A superset is when you perform two exercises back to back with no rest in between the exercises. There are a number of different versions of the superset. One is called pre-exhaustion. This is when you perform two exercises for the same muscle. The first exercise is an isolation movement, such as flyes for the pecs. Then you perform a compound movement for the same muscle. In this case you would use the bench press.
By performing a superset in this manner, you pre-fatigue the muscle you are working, (in this case the pecs), and then hit it hard with a compound movement that allows other muscles that are still fresh to help the pecs (in this case the delts and triceps) work even harder. This manner of superset is designed to help overcome weaker muscles in an exercise so you can work the main muscle group harder. In this example, a lot of times the weaker triceps will give out on the bench press before the stronger pecs are effectively trained.
Another variation of this muscle building technique is post-exhaustion, where you perform the exercises the way described above but in reverse. So using this weightlifting tip, you would peform the bench press and then go to the flyes. This version allows you to use heavier weights on the main exercise, in this case the bench press, and then use the isolation exercise to up the intensity and further work the muscle. This is sometimes a preferred verision to the typical pre-exhaustion method because many would rather drop the weight they use on flyes than on bench press.

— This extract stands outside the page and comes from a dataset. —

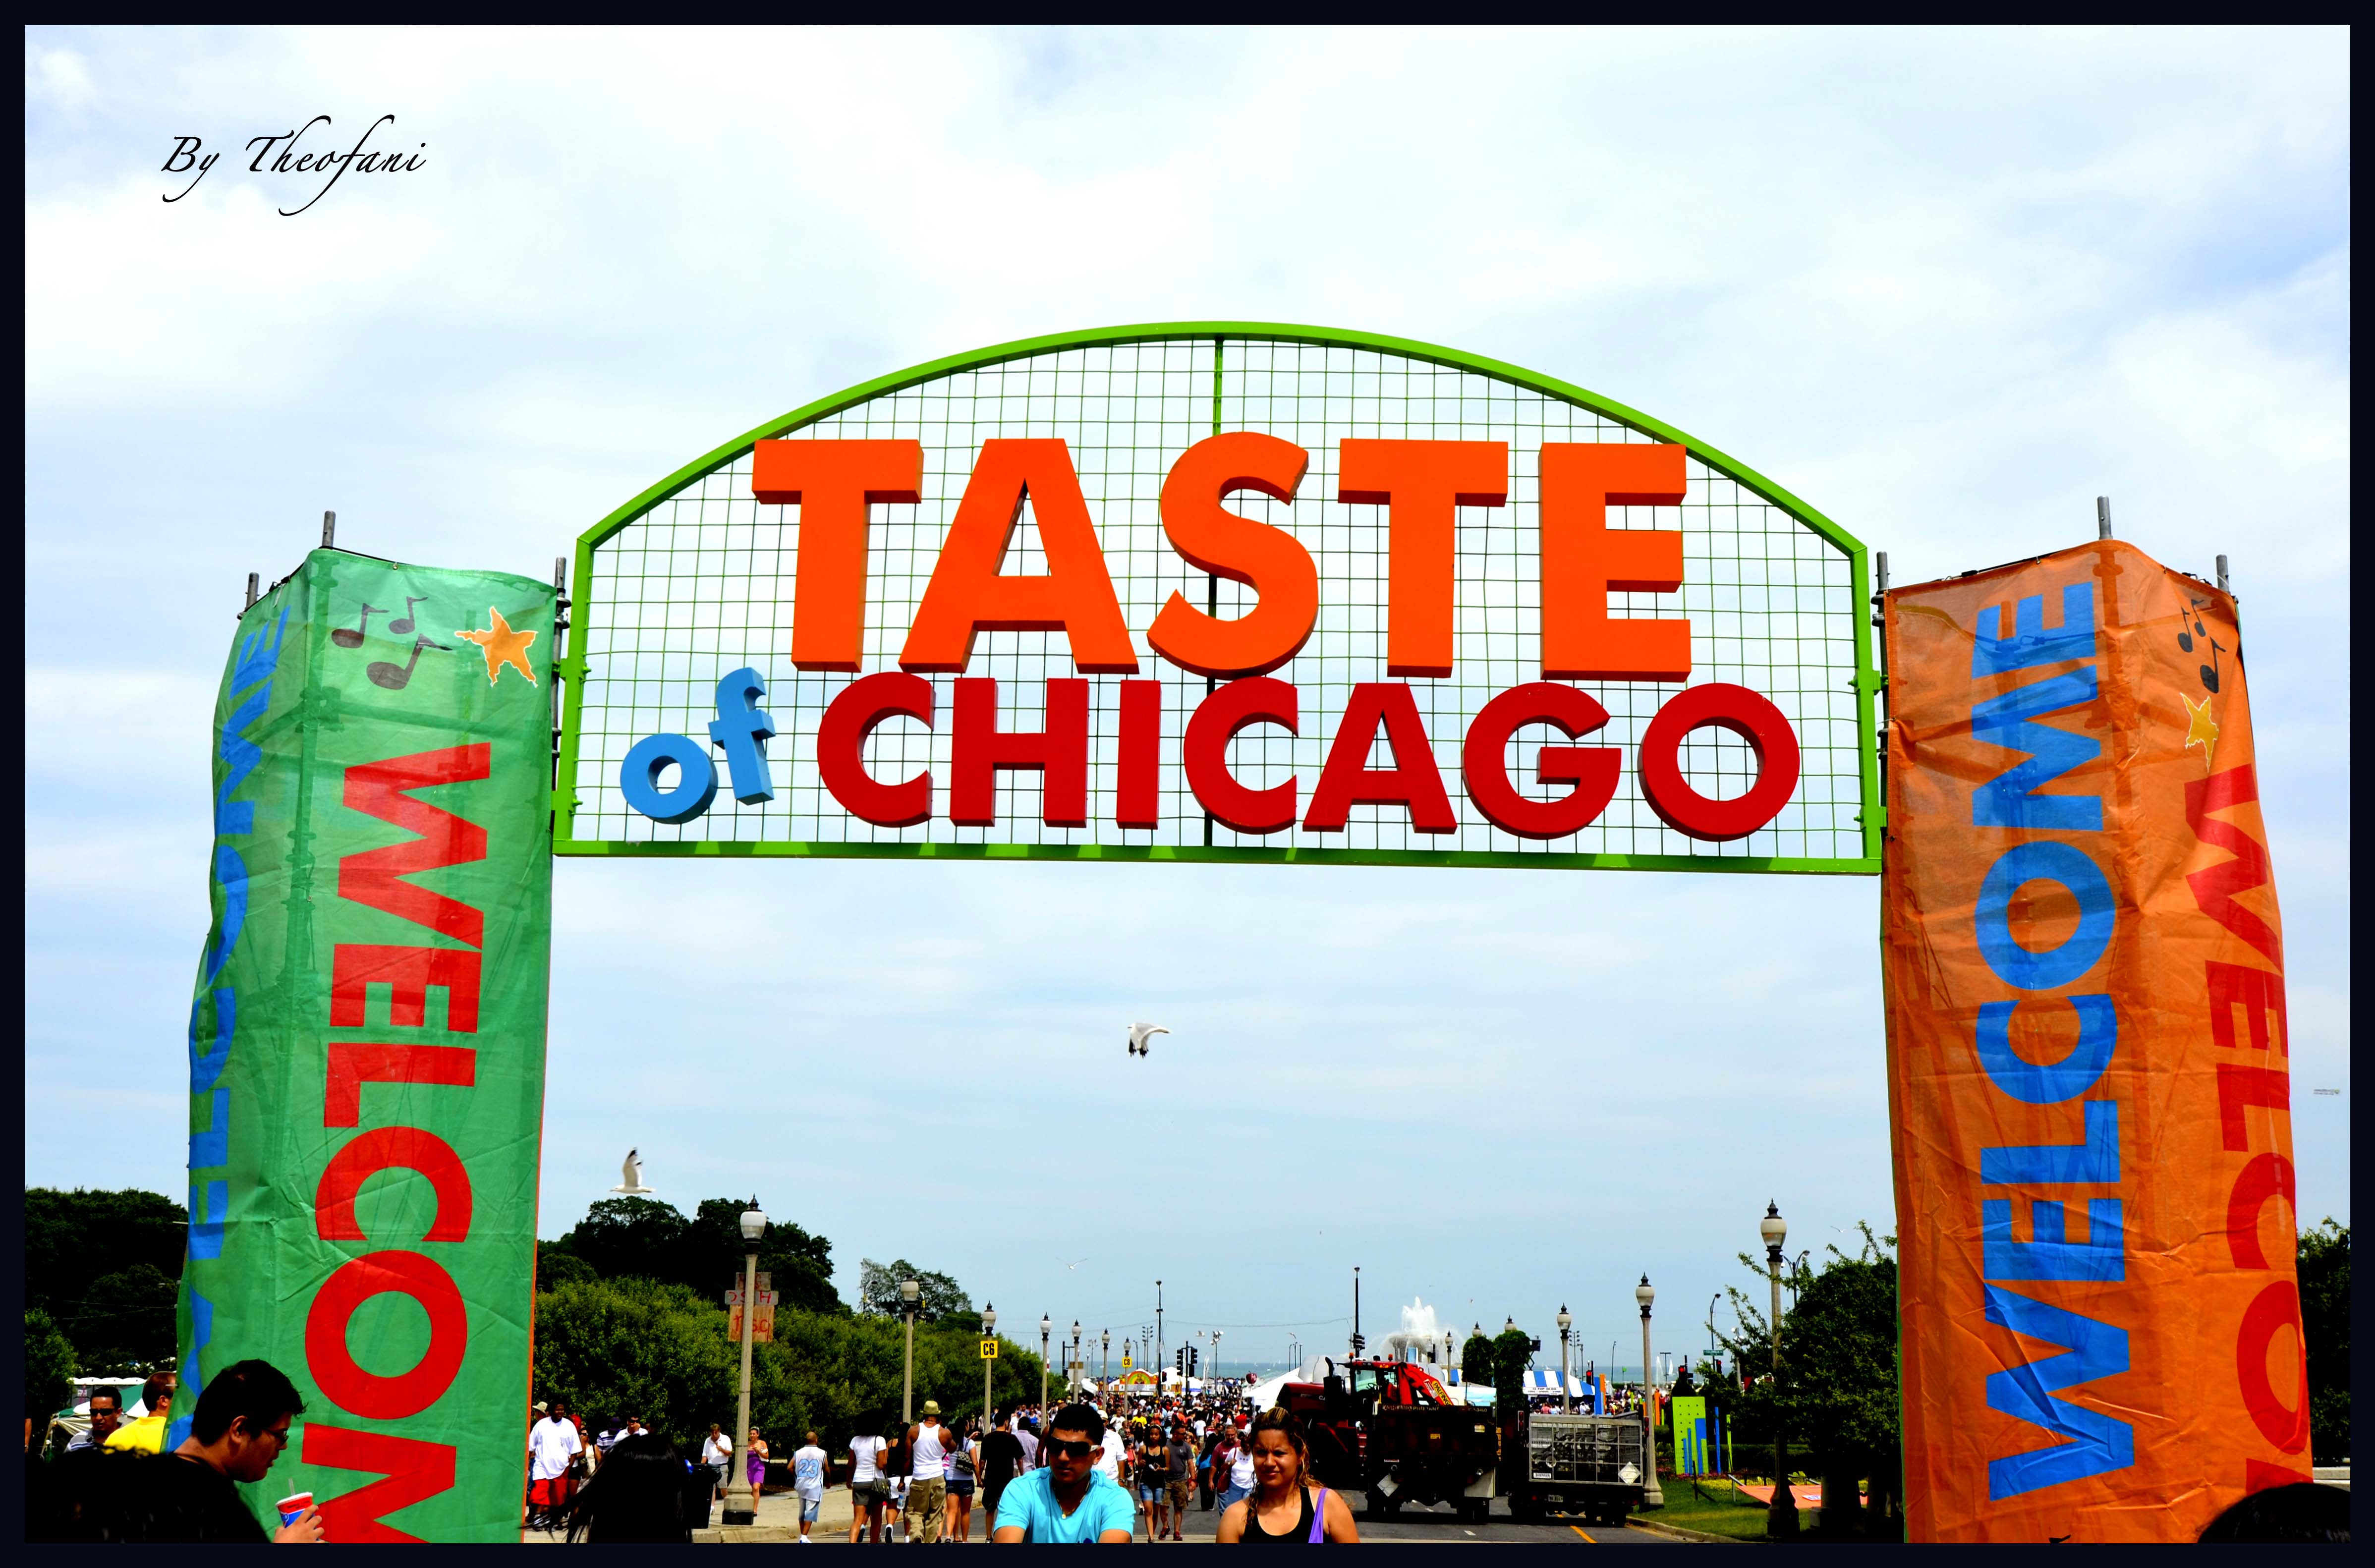 Taste of chicago dates in Sydney

A very effective muscle building alternative to the mass training techniques above is performing supersets of antagonistic muscle groups, such as back and chest, biceps and triceps, quadriceps and hamstrings, etc. In the case of the chest and back you could superset bench presses with bent over rows.
What’s the advantage of this mass training tactic? For one, you won’t get winded as you might in a more traditional superset, especially when performing big, compound exercises for body parts like the chest and back. You’ll also be able to use heavier weights and you’ll concentrate better because you won’t have the tendency to rush as you might in a typical superset.
When you do a bent over row, it’s like the negative of a bench press. When you do the negative on the bench press, it’s like the positive part of the rep on the bent over row.
That bit of work helps the antagonist muscle recover faster. Consider how you recover faster from a run by walking as opposed to dropping to the ground and lying still.
By using these antagonist supersets, you’ll also find yourself stronger on each exercise, because of the extended rest. Using the example above, you’ll get a lot more rest between sets of bent over rows when using this version of the superset than you do when you do straight sets.
These superset weight lifting tips are awesome for gaining muscle mass and strength. You can use these superset variations in any weigh trainng split.